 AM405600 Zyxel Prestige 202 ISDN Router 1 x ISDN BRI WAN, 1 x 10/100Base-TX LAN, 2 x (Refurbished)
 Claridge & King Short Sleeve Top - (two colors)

■ ■ ■ ■ ■

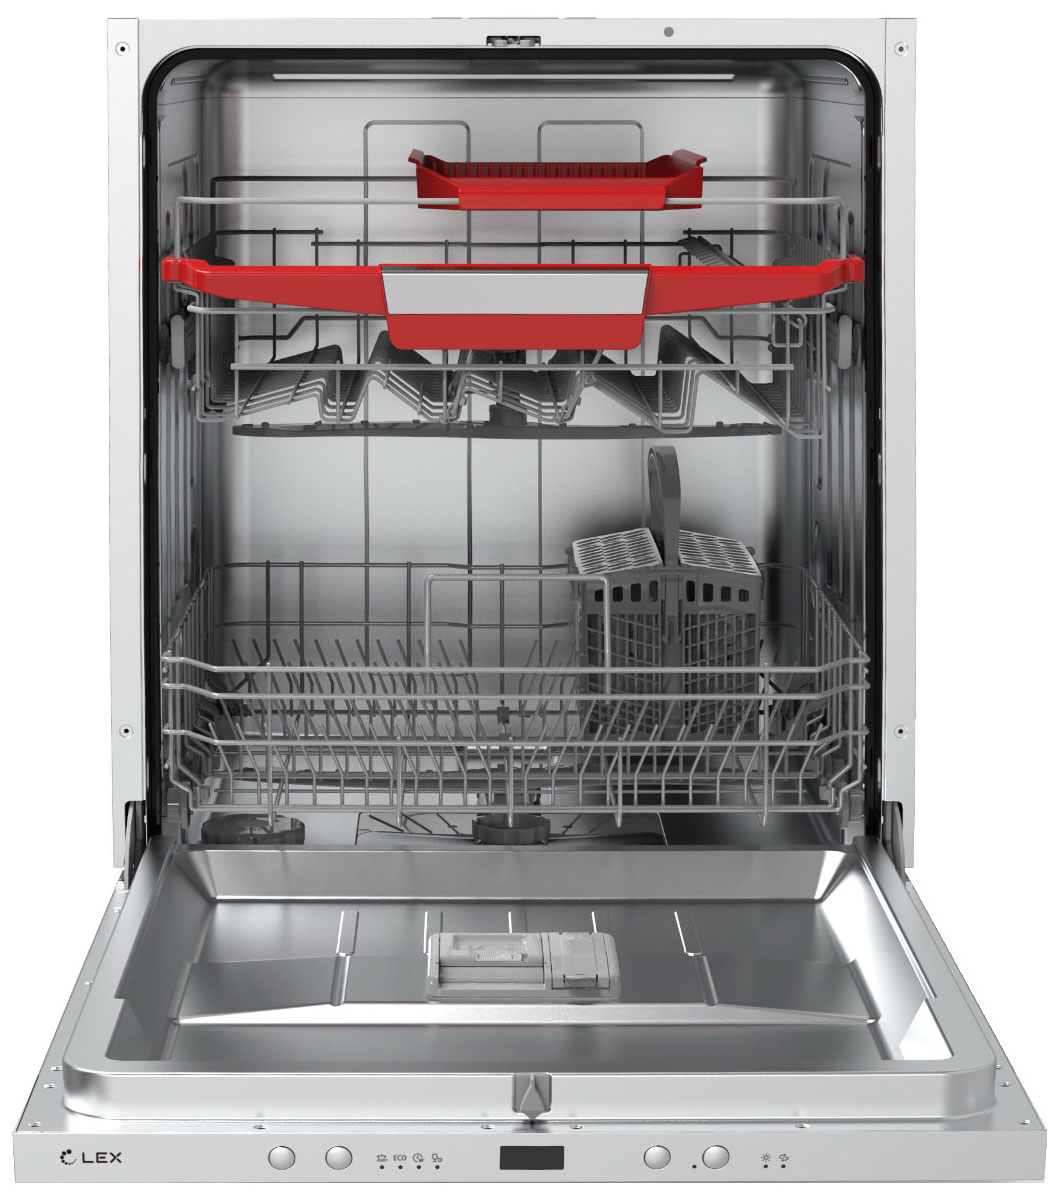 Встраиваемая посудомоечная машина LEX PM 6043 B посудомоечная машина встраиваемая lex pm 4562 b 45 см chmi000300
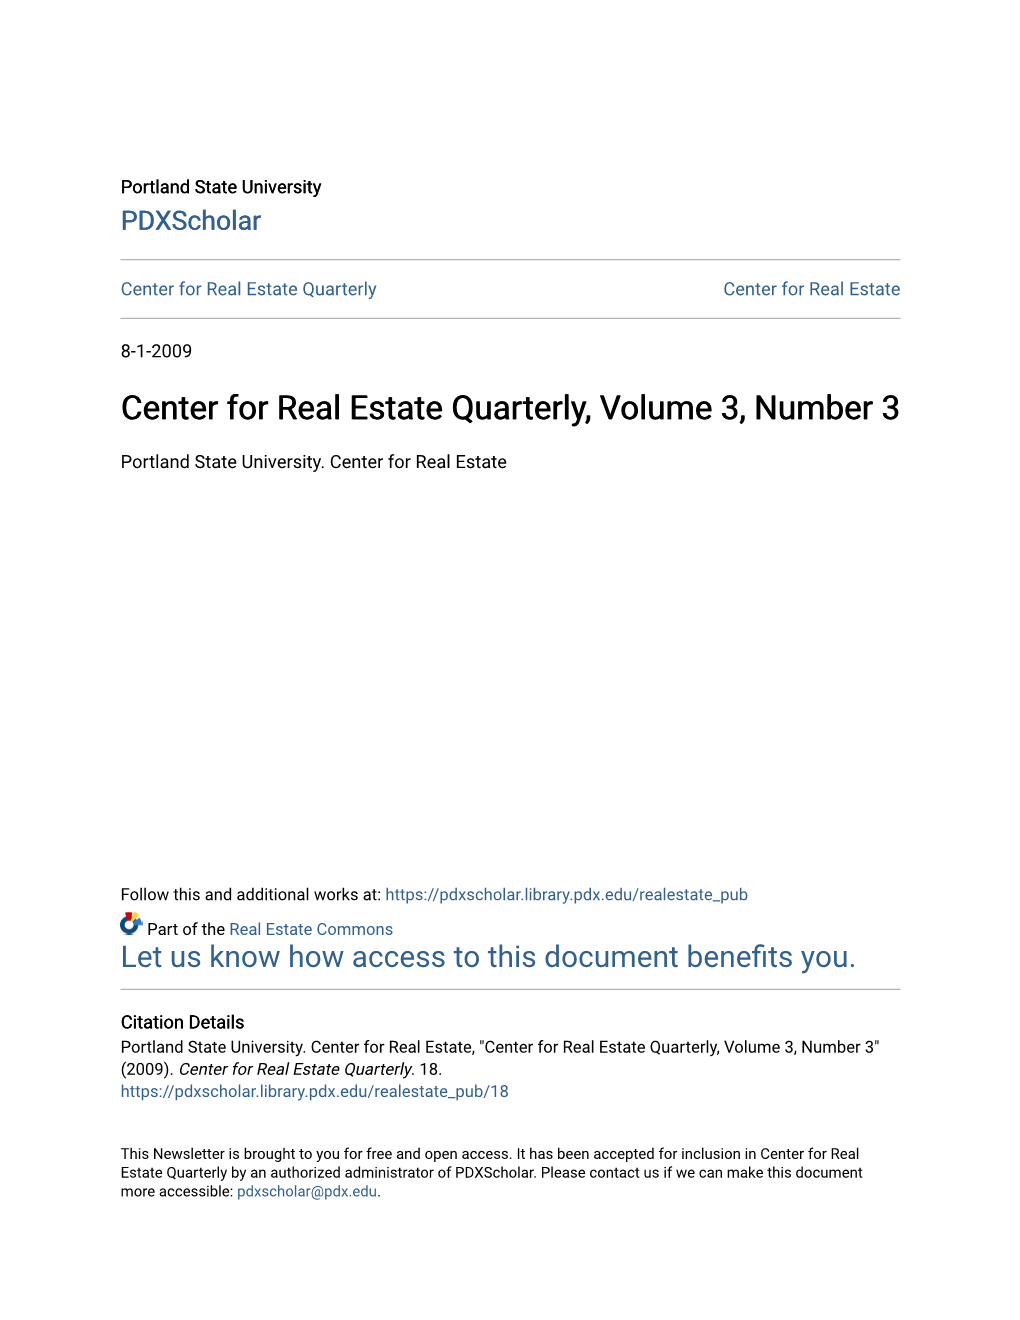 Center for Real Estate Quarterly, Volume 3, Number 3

■ ■ ■ ■ ■

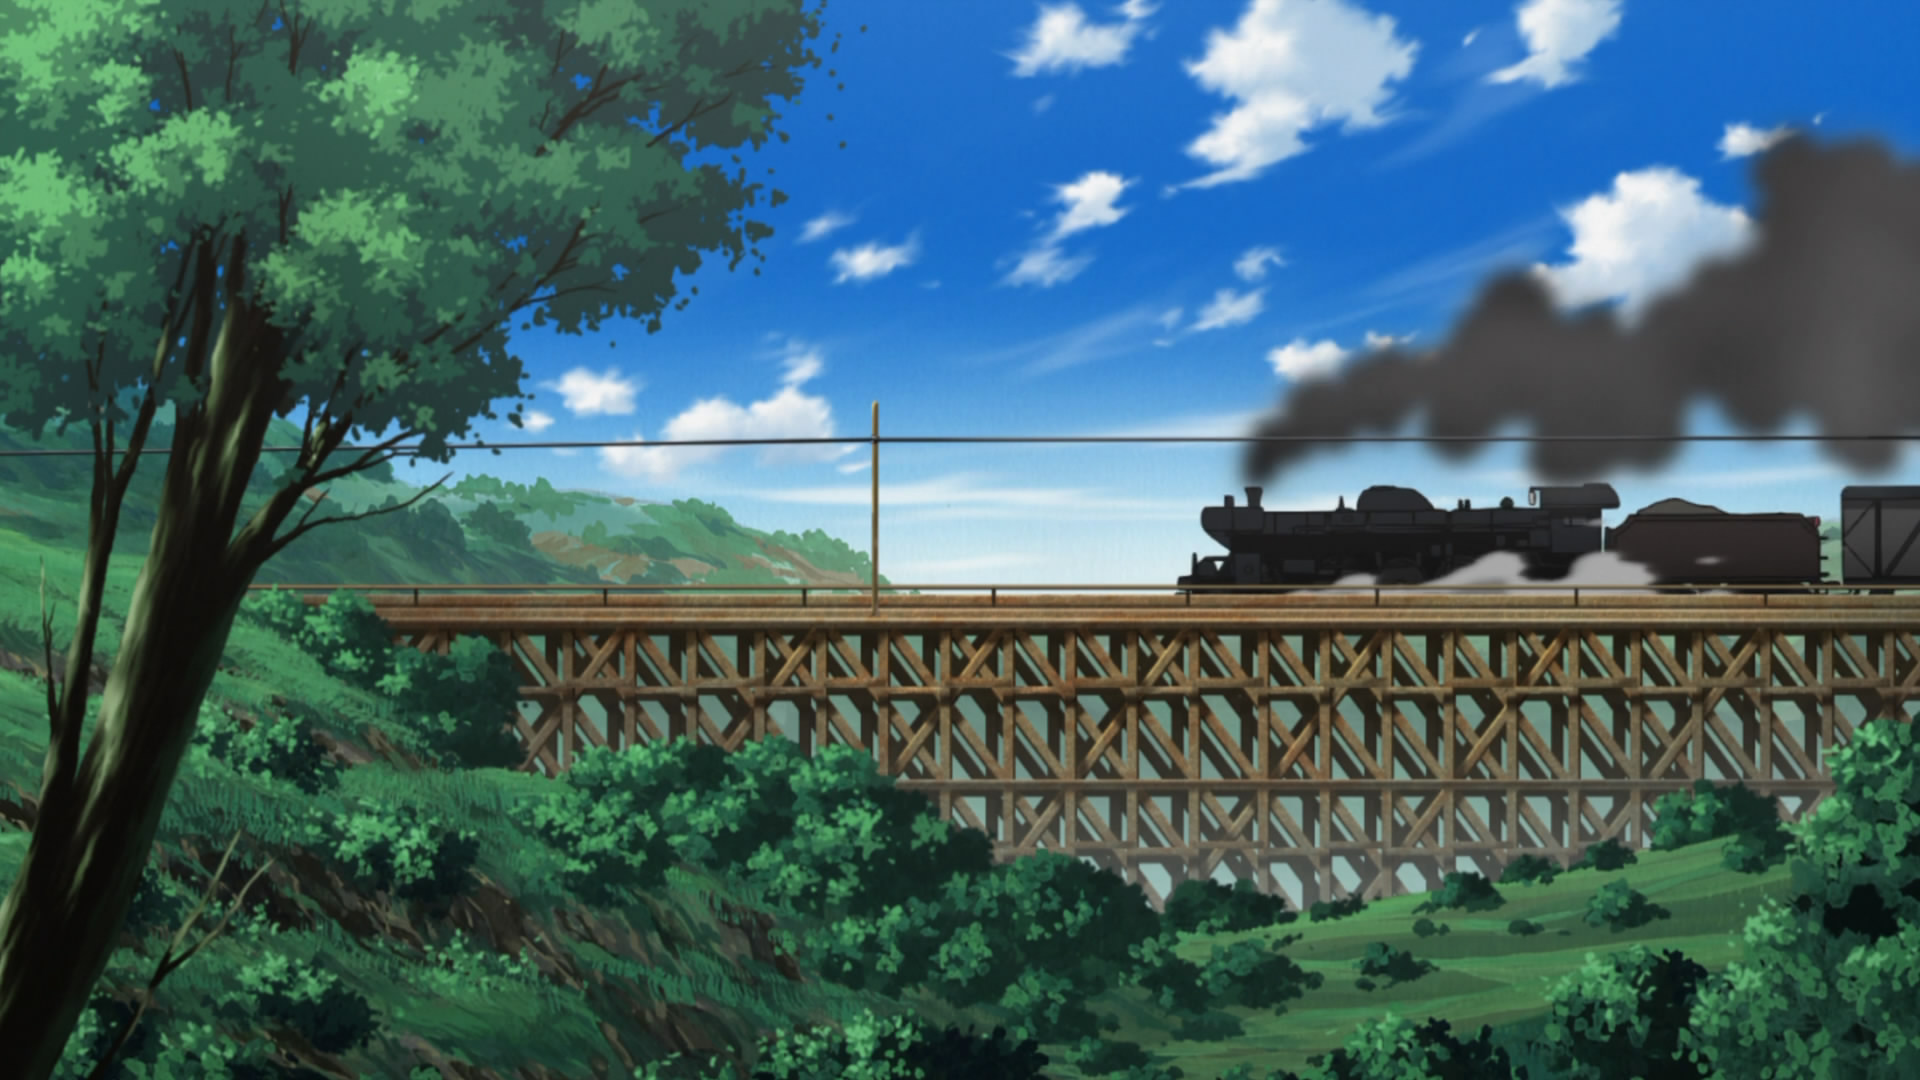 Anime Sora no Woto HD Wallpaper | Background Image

■ ■ ■ ■ ■

| Work to complete |
Please give back exactly the lines of this listing beginning at the line with "AM405600 Zyxel Prestige" and ending with the line with "Claridge & King", both included, and nothing else.

| Output for this exercise |
 AM405600 Zyxel Prestige 202 ISDN Router 1 x ISDN BRI WAN, 1 x 10/100Base-TX LAN, 2 x (Refurbished)
 Claridge & King Short Sleeve Top - (two colors)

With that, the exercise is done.